Your goal is to implement production code that makes the scenarios pass.
Workflow
Step 1: Review Scenarios and Step Definitions
Understand what needs to be implemented:
- What functionality is being tested?
- What are the expected inputs and outputs?
- What business rules must be enforced?
Example:
# features/authentication.feature shows we need:
Scenario: Successful login
When I click the "Login" button
Then I should see "Welcome back"
# Step definition shows:
@when('I click the "Login" button')
def step_impl(context, button):
email = _ui_state['email_input']
password = _ui_state['password_input']
_login_result = login(email, password) # Calls login() - doesn't exist yet
# We need to implement: login(email, password) -> LoginResult
Step 2: Determine Implementation File Location
Follow project conventions:
Python:
features/authentication.feature → src/auth/authentication.py
features/payments/checkout.feature → src/payments/checkout.py
JavaScript/TypeScript:
features/authentication.feature → src/auth/authentication.ts
features/payments/checkout.feature → src/payments/checkout.ts
Java:
features/authentication.feature → src/main/java/auth/Authentication.java
Step 3: Implement Feature Code
Write production code that makes scenarios pass:
# src/auth/authentication.py
# Implements: <REQ-ID>
# Business Rules: BR-001, BR-002, BR-003
import re
from dataclasses import dataclass
from typing import Optional
from datetime import datetime, timedelta
@dataclass
class LoginResult:
"""Result of login attempt"""
success: bool
user: Optional['User'] = None
error: Optional[str] = None
class User:
"""User model"""
def __init__(self, email: str):
self.email = email
self.password_hash: Optional[str] = None
self.failed_attempts = 0
self.locked_until: Optional[datetime] = None
def set_password(self, password: str) -> None:
"""Set user password (hashed)"""
self.password_hash = self._hash_password(password)
def check_password(self, password: str) -> bool:
"""Check if password matches"""
return self.password_hash == self._hash_password(password)
@staticmethod
def _hash_password(password: str) -> str:
"""Hash password (simplified for demo)"""
# In production: use bcrypt
return str(hash(password))
# Implements: <REQ-ID>
def login(email: str, password: str) -> LoginResult:
"""
Authenticate user with email and password.
Implements: <REQ-ID> (User login)
Business Rules:
- BR-001: Email must be valid format
- BR-002: Password minimum 12 characters
- BR-003: Account locks after 3 failed attempts (15min)
Args:
email: User email address
password: User password
Returns:
LoginResult with success status, user object, or error message
"""
# Implements: BR-001 (email validation)
if not _validate_email(email):
return LoginResult(success=False, error="Invalid email format")
# Implements: BR-002 (password minimum length)
if len(password) < 12:
return LoginResult(success=False, error="Password must be at least 12 characters")
# Get user from database
user = _get_user_by_email(email)
if not user:
return LoginResult(success=False, error="User not found")
# Implements: BR-003 (check if account locked)
if user.locked_until and datetime.now() < user.locked_until:
remaining = (user.locked_until - datetime.now()).seconds // 60
return LoginResult(
success=False,
error=f"Account locked.

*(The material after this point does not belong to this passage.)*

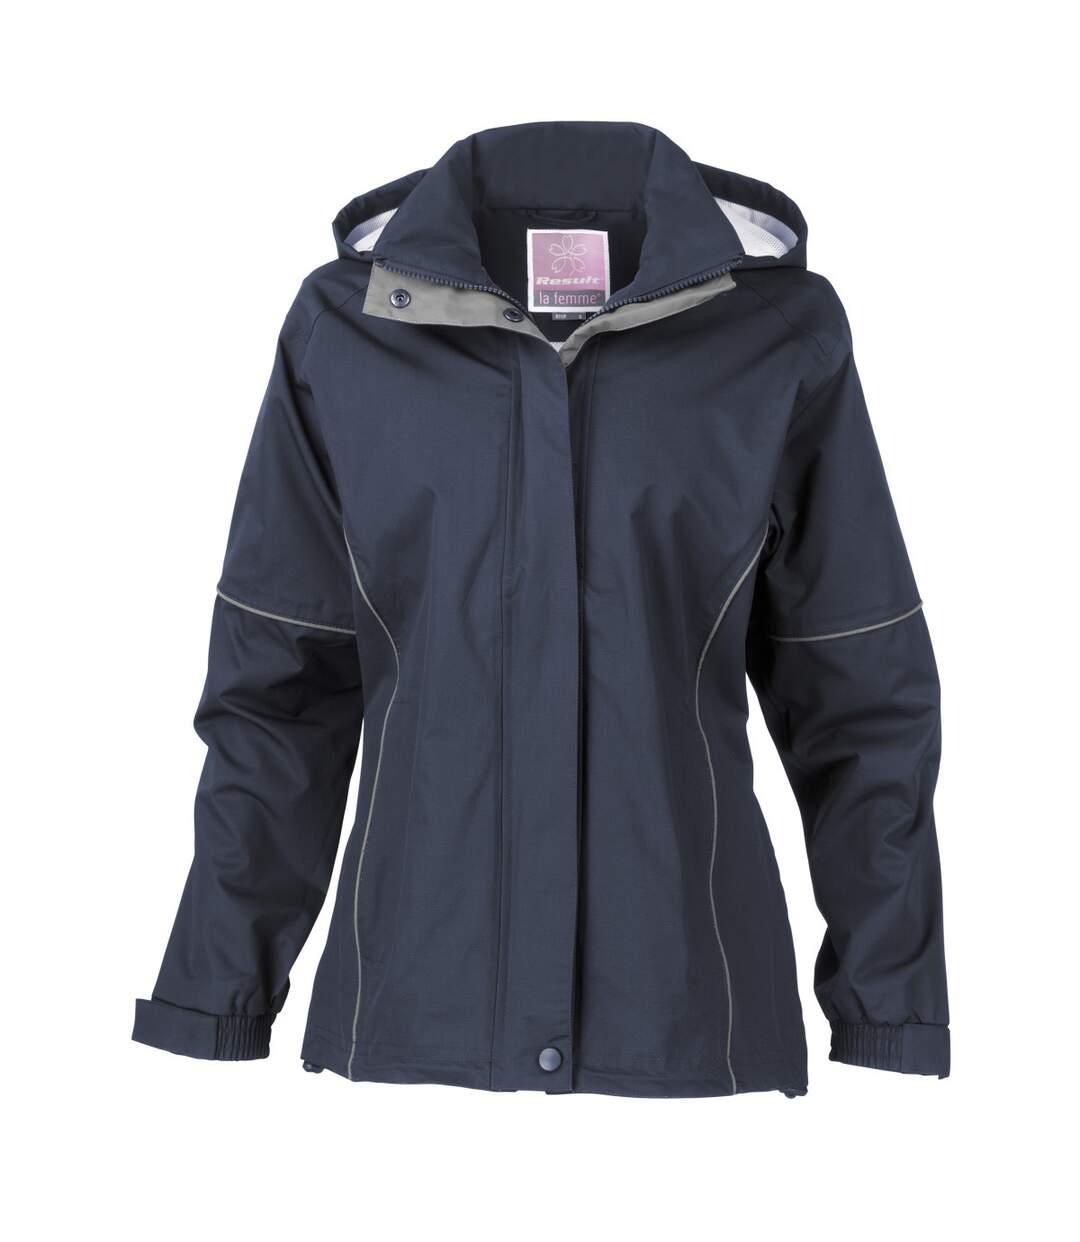 Result Womens/Ladies Urban Fell Lightweight Technical Jacket (Waterproof & Windproof) (Navy Blue) - UTBC3049

Try again in {remaining} minutes"
)
# Check password
if not user.check_password(password):
user.failed_attempts += 1
# Implements: BR-003 (lock after 3 failed attempts)

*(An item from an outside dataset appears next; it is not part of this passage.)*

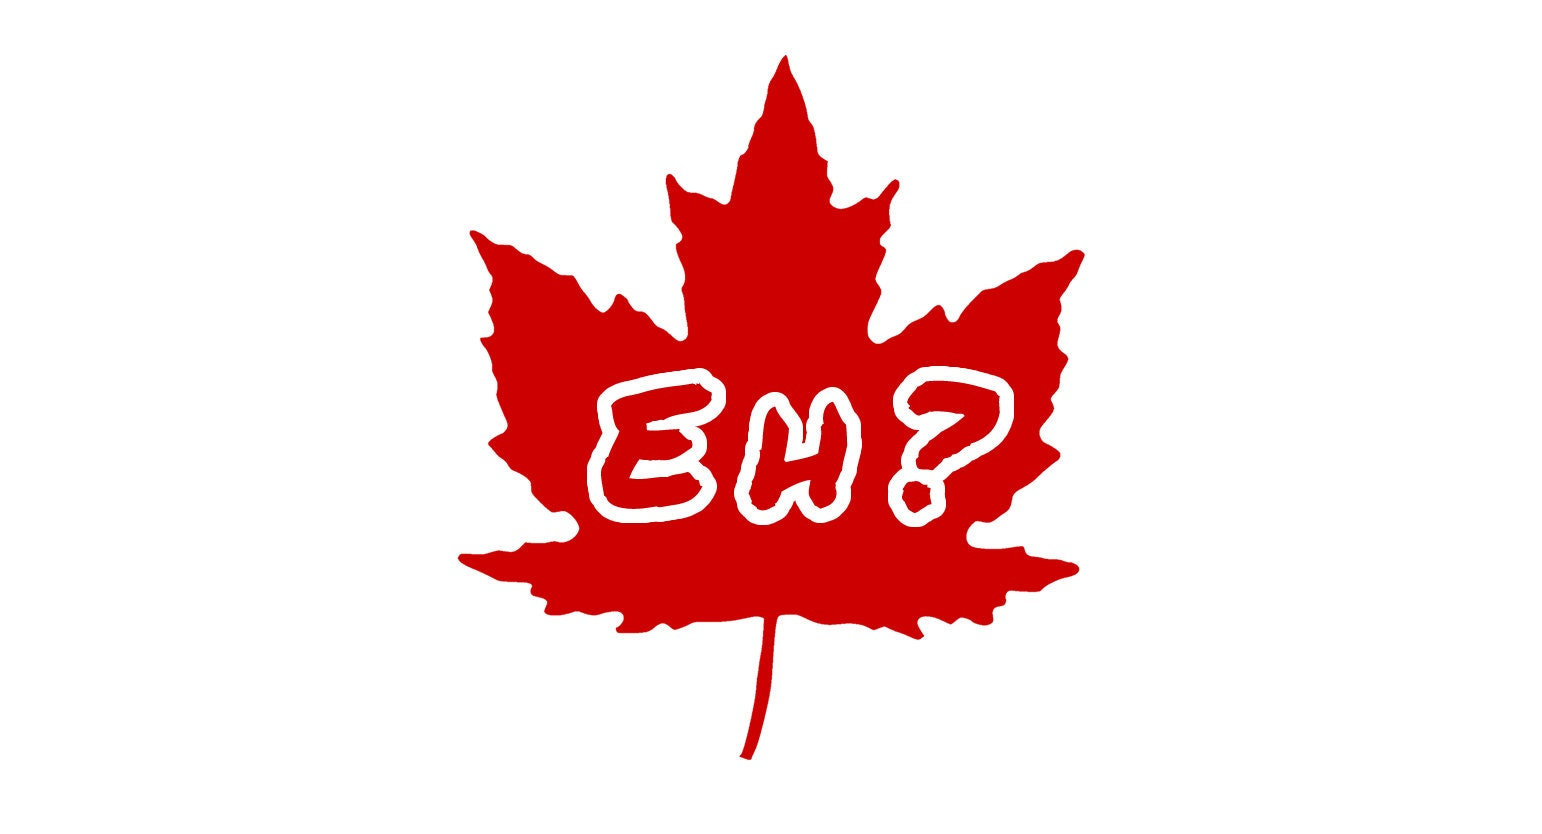 CAD$9.74 - Canada vinyl decal

if user.failed_attempts >= 3:
user.locked_until = datetime.now() + timedelta(minutes=15)
return LoginResult(
success=False,
error="Account locked. Try again in 15 minutes"
)
return LoginResult(success=False, error="Invalid password")
# Success - reset failed attempts
user.failed_attempts = 0
user.locked_until = None
return LoginResult(success=True, user=user)
def _validate_email(email: str) -> bool:
"""Validate email format (BR-001)"""
pattern = r'^[a-zA-Z0-9._%+-]+@[a-zA-Z0-9.-]+\.[a-zA-Z]{2,}$'
return re.match(pattern, email) is not None
def _get_user_by_email(email: str) -> Optional[User]:
"""Get user from database (simplified for testing)"""
# In production: query database
# For testing: use in-memory store or mock
return _test_user_store.get(email)
# Test user storage (for BDD testing)
_test_user_store = {}
def create_test_user(email: str, password: str = "DefaultPass123!") -> User:
"""Create a test user (helper for step definitions)"""
user = User(email=email)
user.set_password(password)
_test_user_store[email] = user
return user
Key implementation principles:
- ✅ Tag code with REQ-* and BR-* keys
- ✅ Implement exactly what scenarios require (no more)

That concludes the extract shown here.